Sunday, December 11, 2011

Do you like this story that I am writing? It's just the beginning.?

It all started as a joke.

Everyday at lunch she would get up from the table, grab a plastic knife from a small container, and start cutting her wrists, encouraging the three of us to laugh with her, make fun of her stupidity. I was worried, but too afraid to stand up to our group’s nonofficial leader to rebel against what we were laughing about. Luckily, I had enough intelligence to realize if I had one more slip-up, everyone would kick me out of our posse. I was too afraid a year ago. I was too worn down from people stepping all over me to fight back. I was just a background idiot in my friends’ lives, just another person trying to blend in with everyone else. Well, back to the knife incidents. Whenever her wrist started bleeding, she would start fake crying. “Acting,” she called it. “Just in case this will ever fit a role for me in a couple years. It’s for the audience. Everything is.” It was so believable only because she was the actress, the singer, the perfect girl in everyone’s minds, but really, as I would soon learn, she wasn’t as perfect as she played it out to seem like.
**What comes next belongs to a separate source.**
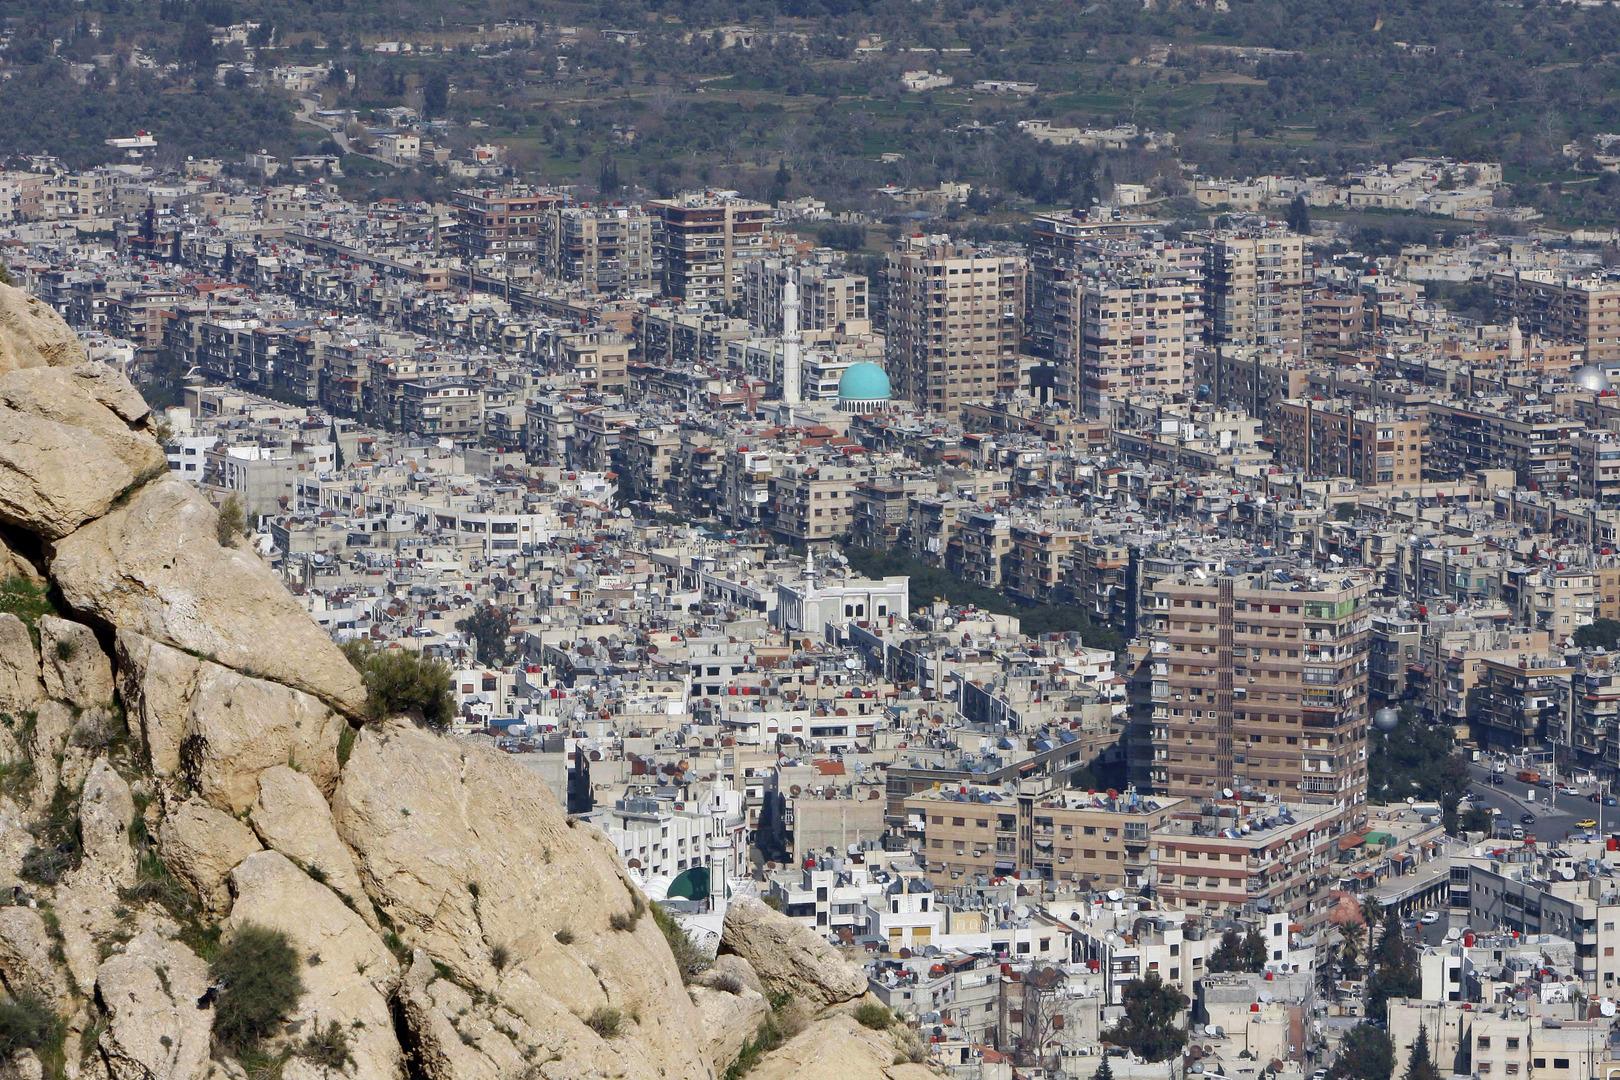 مزاعم عن احتجاز الموساد جنرالا إيرانيا في دمشق تحدث صدى في إسرائيل ومسؤولون سابقون يعلقون

“So, I’ve heard so much gossip about Twilight. It’s, like, the best movie of all time. I mean, Robert Pattinson is starring in it, and it’s all about cute guys like Edward and Jacob; I’m on team Edward of course. Anyway, it’s a love story and Bella rocks!” Gabby babbled. She could talk about silly Twilight and not be killed by Mairead, the depressed freak while one negative comment on the series from me and I would be the laughingstock of the whole school in less than ten minutes. Maya and Gabby had freedom, they deserved to be in the group as Mairead saw it, while my intelligence never got me anywhere in life. I just sat around like nothing waiting for Mairead to live out my life for me. She took total charge of my life and clearly went out of her way to make sure I turned out to be her little minion as Maya and Gabby seemed to be becoming. They were fine with it while I urged to be my own person. It was harder than it seemed and I felt like nobody understood what was going on in my complicated life I wasn’t living like I wanted to. That lunchtime was the longest half hour of my life, or so it seemed.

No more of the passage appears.